It gets called if any of the following events are tracked by the skin:
new_mem_stack, new_mem_stack_aligned, die_mem_stack, die_mem_stack_aligned.
> This passes the old and new %ESP values, and in
> VG_(handle_esp_assignment) these are subtracted to discover that the
> stack delta is -4. Then we do
>
> VG_TRACK(new_mem_stack_aligned, new_esp, -delta);
>
> which necessarily involve a loop, and probably a test on the sign of
> delta, in the relevant skin's permissions-mangling function.
>
> This is all rather inefficient considering that we knew from the start
> that delta would be -4, and it would have been better to plant, in the
> generated code, a call directly to a skin function specialised to a delta
> of -4. Most deltas are small (+4, -4, +16, -16) and so a small bunch of
> specialised functions + a general fallback case would probably constitute
> a significant improvement.
>
> The improvements would be because (1) the specialised functions have no
> need to test the sign of delta nor have a loop to handle all values of
> it, and (2) because we could save having to call VG_(handle_esp_assignment)
> and then call onwards to the skin function; we could just call the skin
> function directly.
You're right about the inefficiency. I just tried altering Nulgrind so it
tracked the four events I mentioned above, where the called functions were
empty. My one test program slowed down from 0.20s to 0.35s, on a longer
run it went from 1.0s to 2.4s. Just to make sure it wasn't simply the
function call overhead, I tried instead inserting calls to an empty
function wherever %esp was updated; my test program (small input) only
slowed to 0.24s. So yes, the current mechanism is slow, well done for
spotting it.
[It's weird, something is wrong with profiling which is maybe why this
hasn't been spotted before -- there is an event VgpStack for measuring
exactly this stack-adjustment overhead, but I always get zero ticks for
it. I even put in a small busy loop into VG_(handle_esp_assignment)() so
that the program ran ten times longer than normal, 90% of that in the
VG_(handle_esp_assignment), and it still gave zero ticks (the ticks were
allocated to "running"). I'll investigate that when I look at this in
more detail.]
Your idea is quite plausible. Basically the skins would bypass the core's
built-in way of handling stack updates in order to do them itself, because
it can be more efficient that way.
Which makes me think: if we want to make this improvement for
{Mem,Addr}check, any other skin that tracks %esp changes probably wants it
as well. So let's try to improve the general mechanism rather than
implementing a {Mem,Addr}check-only optimisation.

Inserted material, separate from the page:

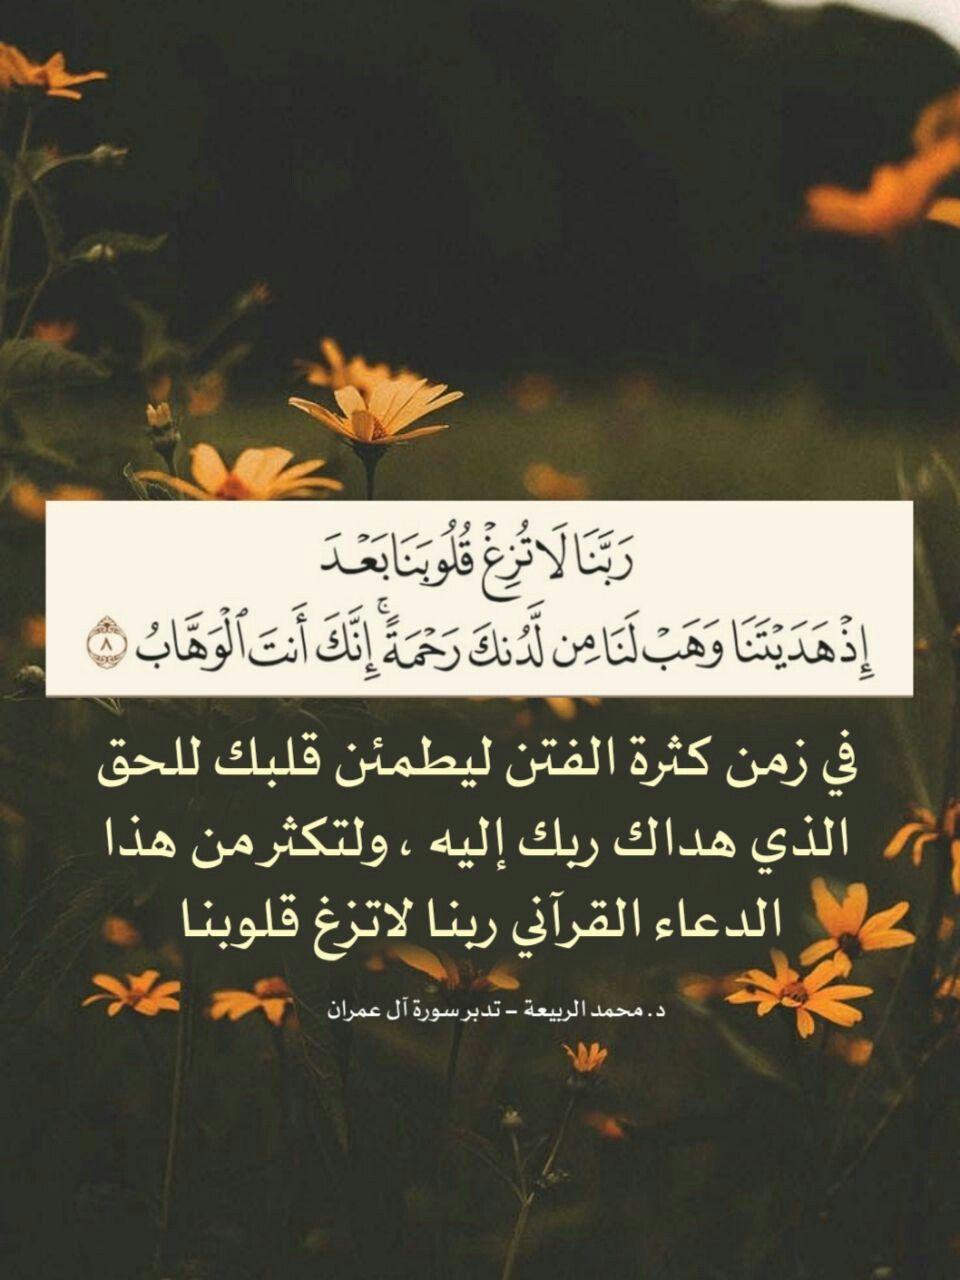 اللهم يا مقلب القلوب ثبت قلبي على دينك Quran Verses Quran Quotes Verses Quran Quotes

The current approach is simplest from a code-generation point of view;
doing it this optimised way would require a little bit of smartness to
work out the delta (you have to look back a few UCode instructions to see
when %ESP was loaded and then what ADDs/SUBs were done on it), but it
shouldn't be too hard.
You could then have a number of trackable events for skins to hook into:
new_mem_stack_aligned_4
new_mem_stack_aligned_8
etc.
die_mem_stack_aligned_4
die_mem_stack_aligned_8
etc.
for the most common cases (eg. 4, 8, 12, 16, 20, 24). They would be
passed the old %esp. The skins could have unrolled versions of the
general stack-adjusting code for these cases.
Also have:
new_mem_stack_aligned_gen
new_mem_stack
die_mem_stack_aligned_gen
die_mem_stack
If a skin didn't provide these special case functions, the core could fall
back to using the general case ones if they were provided -- this would be
useful when first writing skins, when you don't want to write five
different versions of the same function. Ie. new_mem_stack_aligned_4
would be used if present, but fall back to new_mem_stack_aligned_gen if
present, but fall back to new_mem_stack if present, else do nothing.
One complication -- how do we know at compile-time if a stack-adjustment
is aligned? We can't (AFAICT) so maybe the events shouldn't have any
mention of alignment, and it's up to the skin to do an alignment check and
speed up its actions based on this if it wants. So the events might be
new_mem_stack_4, new_mem_stack_8, ..., new_mem_stack_gen.
Doing some highly unjustifiable mental calculations, I think this could
result in a speedup for Memcheck of 15%, and Addrcheck a bit better, maybe
20%, at least for my test program. That would be pretty nice.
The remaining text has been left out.